:: Given information ::
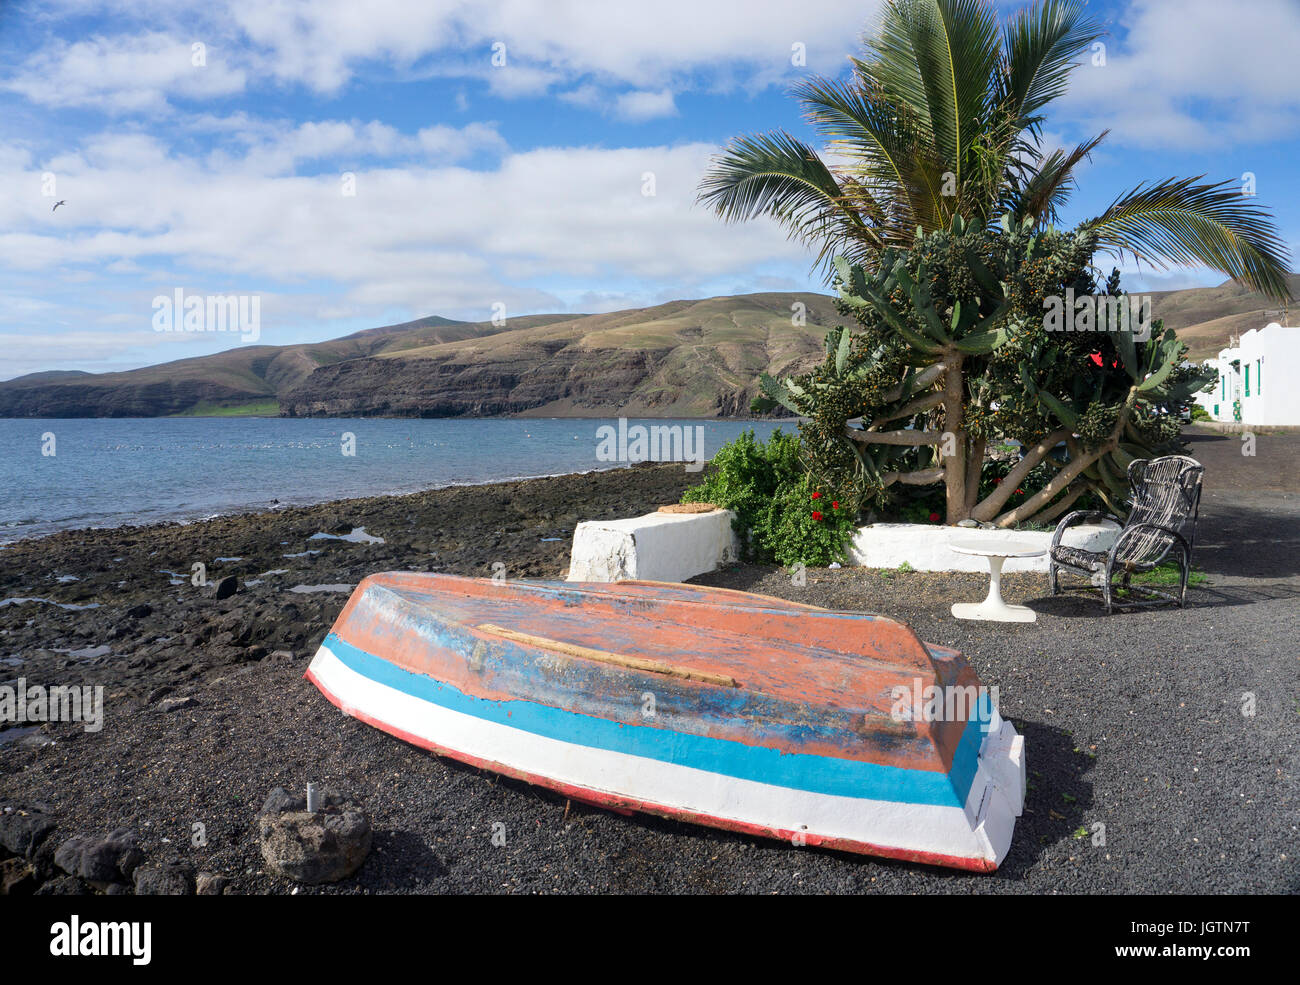 Des bateaux de pêche à la plage du village de pêcheurs de Playa Quemada, île de Lanzarote, Canary Islands, Spain, Europe Banque D'Images
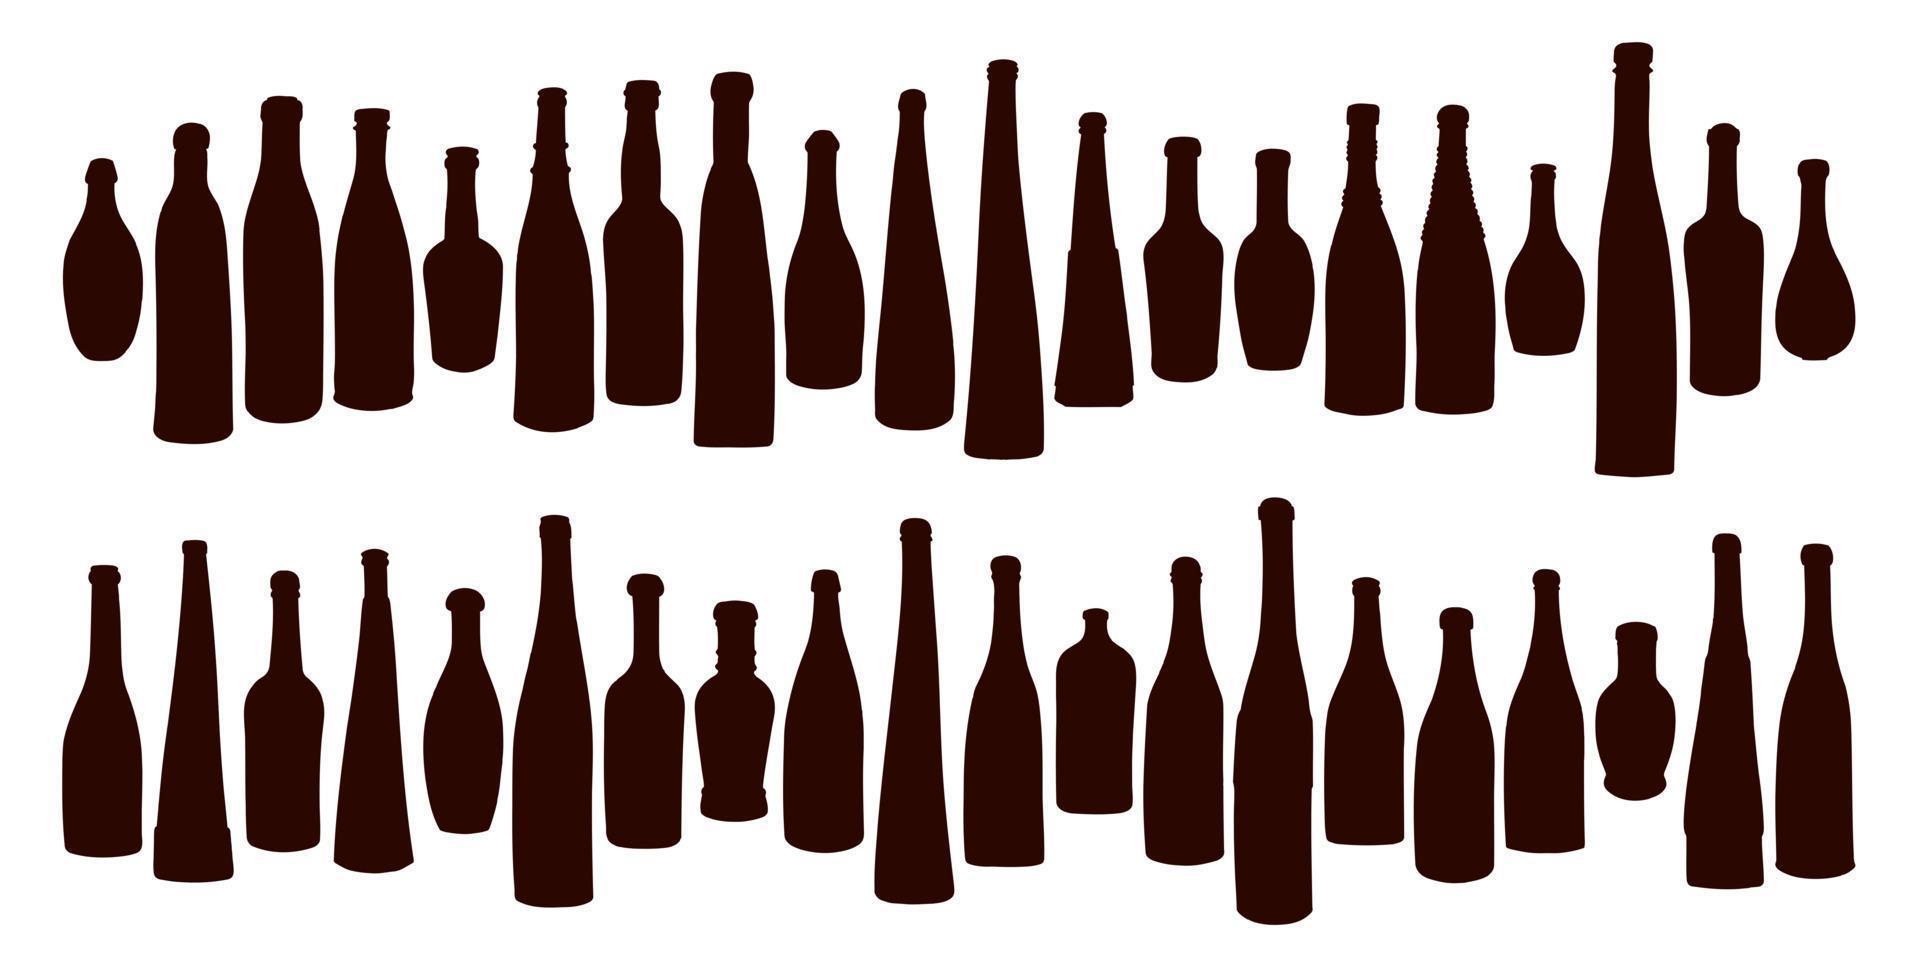 form der silhouette der flasche für alkohol, bier, kwas, wasser. Umriss eines Behälters zur Aufbewahrung von Flüssigkeit vektor
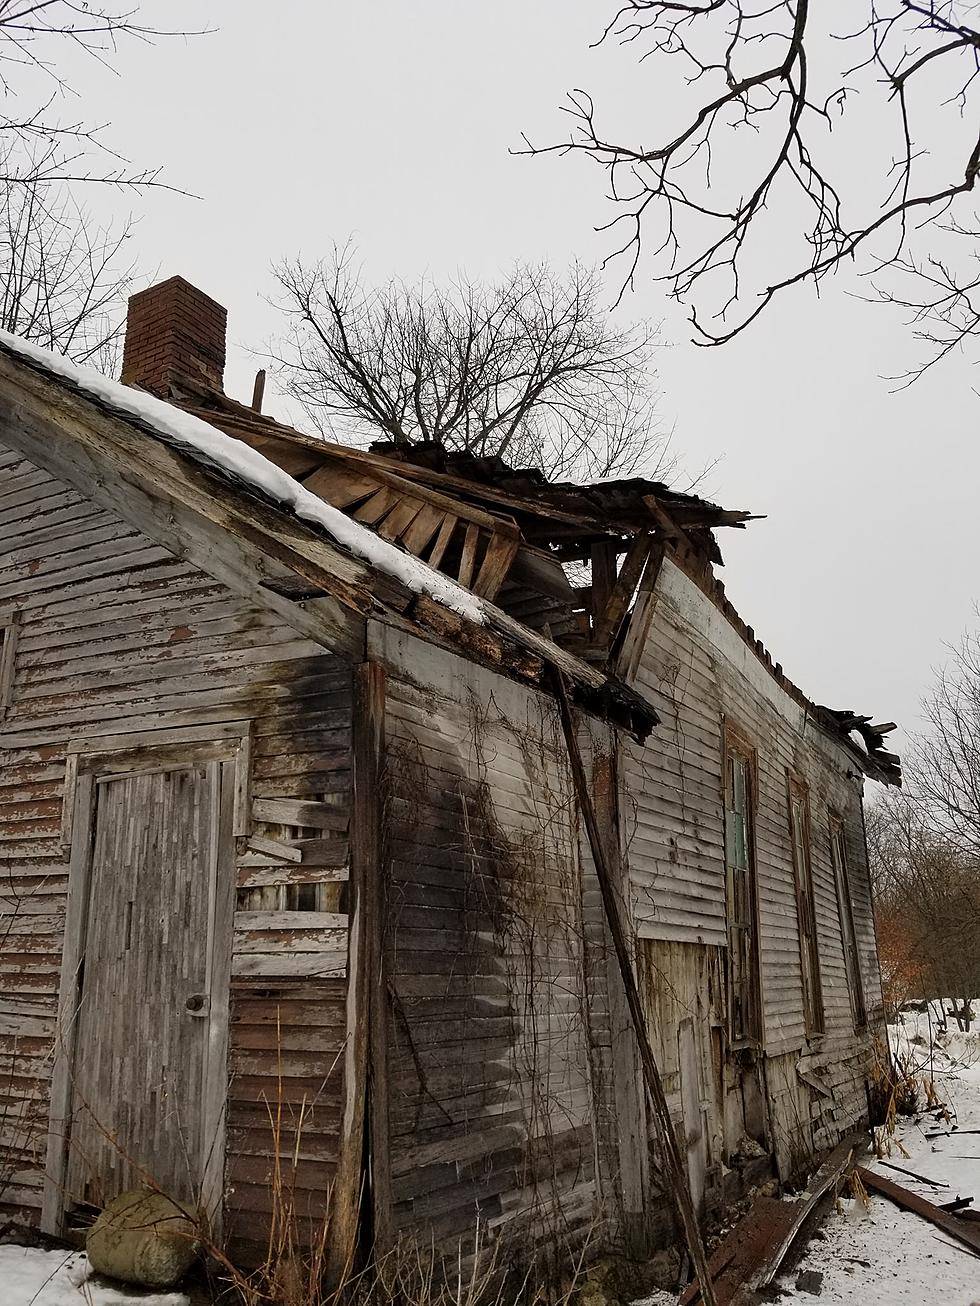 Historic 1880 One Room School House in Van Buren County Collapses Under Heavy Snow
:::
Write out exactly the opening lines of the data, stopping after the line that holds "form der silhouette". Exclude pictures.

 Des bateaux de pêche à la plage du village de pêcheurs de Playa Quemada, île de Lanzarote, Canary Islands, Spain, Europe Banque D'Images
 form der silhouette der flasche für alkohol, bier, kwas, wasser. Umriss eines Behälters zur Aufbewahrung von Flüssigkeit vektor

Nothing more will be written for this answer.